Pessoa sedimentó la tristeza humana en su propio cuerpo. La aproximó a las palabras, las más acongojadas que se hayan escrito. Vivió con su experiencia el fracaso humano. No le dio crédito a sus días sabiendo del desenlace de la faena del hombre. Estoico del desgarro se constituyó en un santo sin fe. Descartó la esperanza. En su ser fundó el valor de la naturaleza anónima.
En sus testimonios Pessoa no busca explicarse. Exhuma la sensibilidad de la intimidad de su ser. Intenta definir la soledad elemental. Esa vacuidad que le impide la distracción en las cosas simples y elementales de la vida. Que lo sujeta en la sinceridad del pensamiento. Su lucha fue hallarle exactitud al paisaje de la existencia. Simplemente describirlo a través de las sensaciones. Pintarrajear el tedio que se apodera del hombre que piensa. No intentó vivir. Se abocó a observarse, a imaginarse desde su interior.

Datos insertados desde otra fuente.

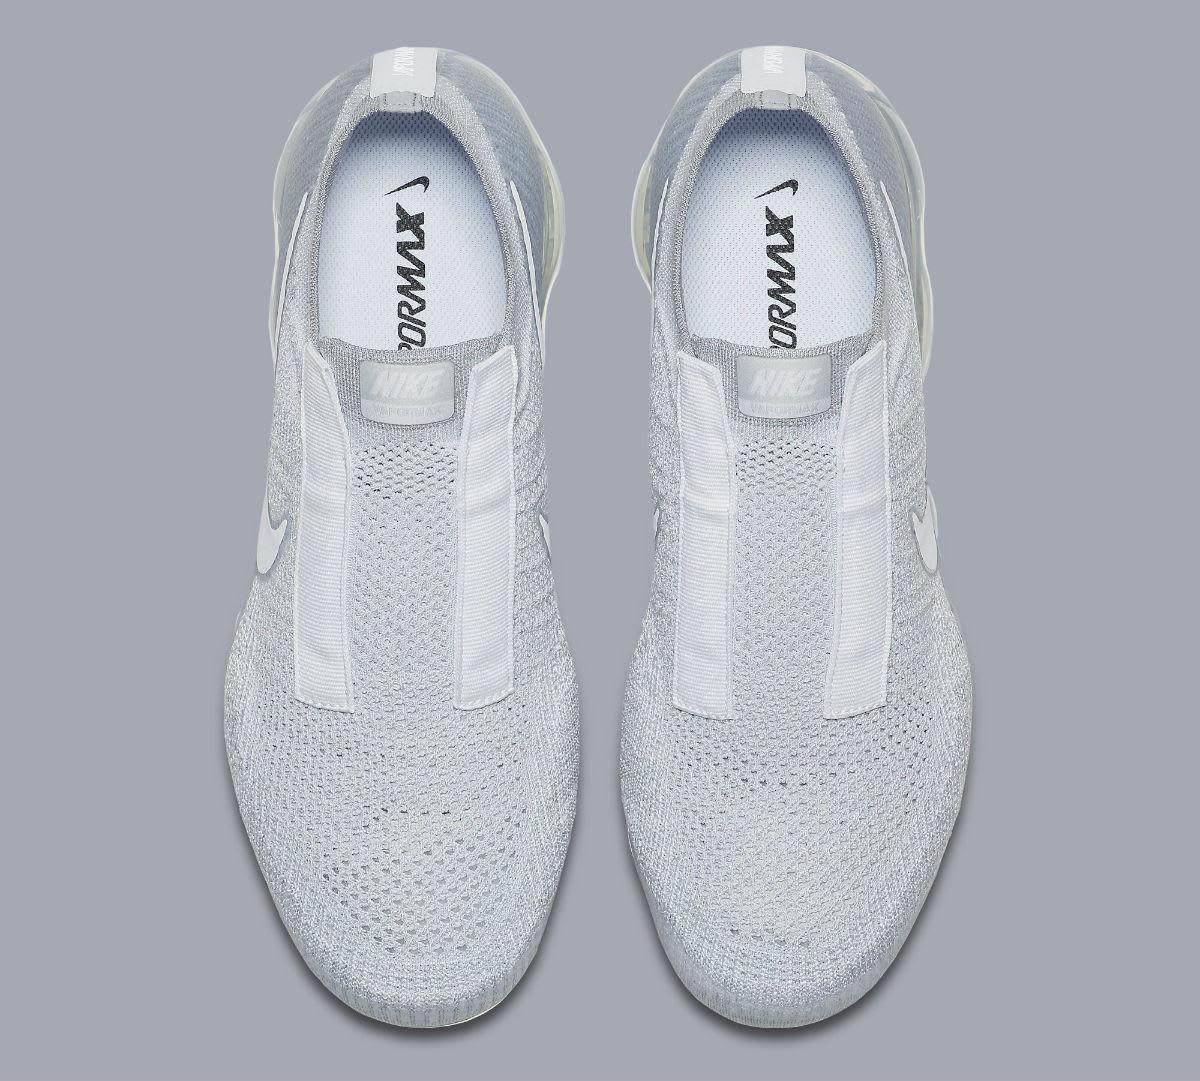 Nike Air VaporMax Laceless Pure Platinum Release Date Top AQ0581-002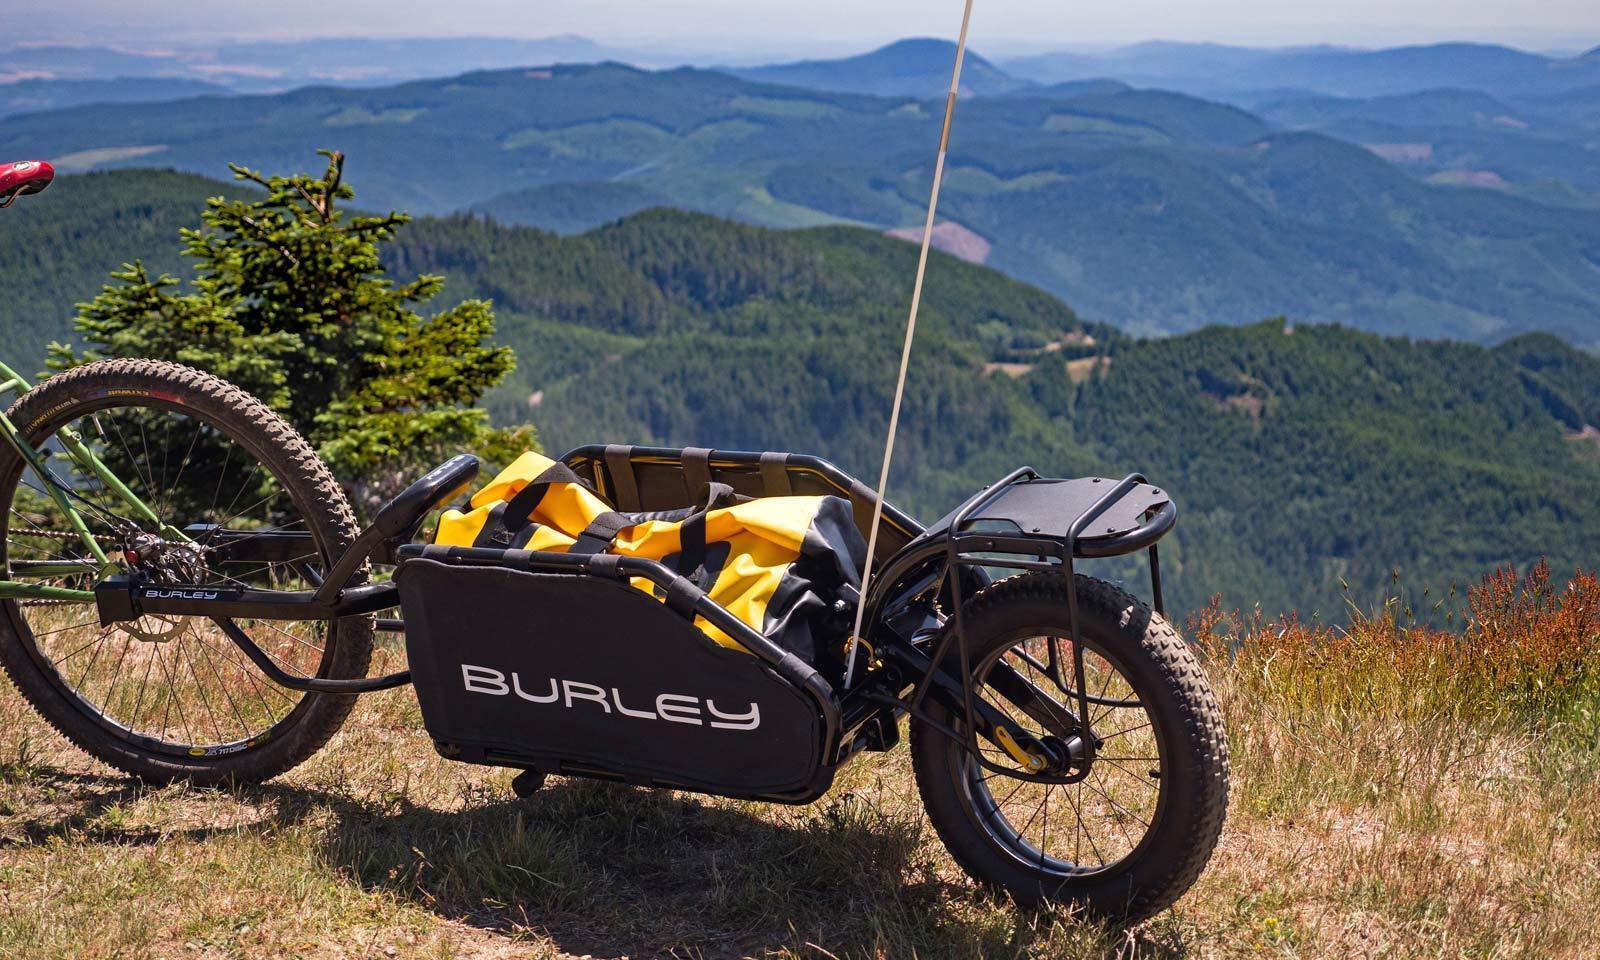 Burley-Coho-XC_full-suspension-single-wheel-off-road-mountain-bike-trailer.jpg

Necesito acercarme a alguien que tiemble como yo al pensar en el destino. Entonces camino en París por los jardines de Luxemburgo. Busco en cada rincón, en cada árbol, en el silencio de las estatuas, el aroma genuino de Cioran. Sé que estuvo por aquí. Contemplo las arboledas desnudas, piso las hojas herrumbrosas. Sé que en la negación también uno indaga a Dios. Quizás haya sido la gran búsqueda de él, a pesar de su agnosticismo y de convertirse en un gran contrincante de la fe. Quizás nadie haya necesitado a Dios tanto como Cioran. Dudo de la existencia divina cuando ante la sinceridad de quien lo denuesta y lo combate siga ausente. O no evidencie ningún resquicio que lo aleje del amparo en el misterio. Un demiurgo debería saber presentarse ante sus panfletarios y no alentar a los aduladores. Perdonar que el nivel de nuestra conciencia no permita ni la negación ni la aceptación. Somos un pensamiento positivo porque existe el negativo. Al no poder salir de él para una auto-referencia, la ficción es el juicio que atañe a la condición ostentada.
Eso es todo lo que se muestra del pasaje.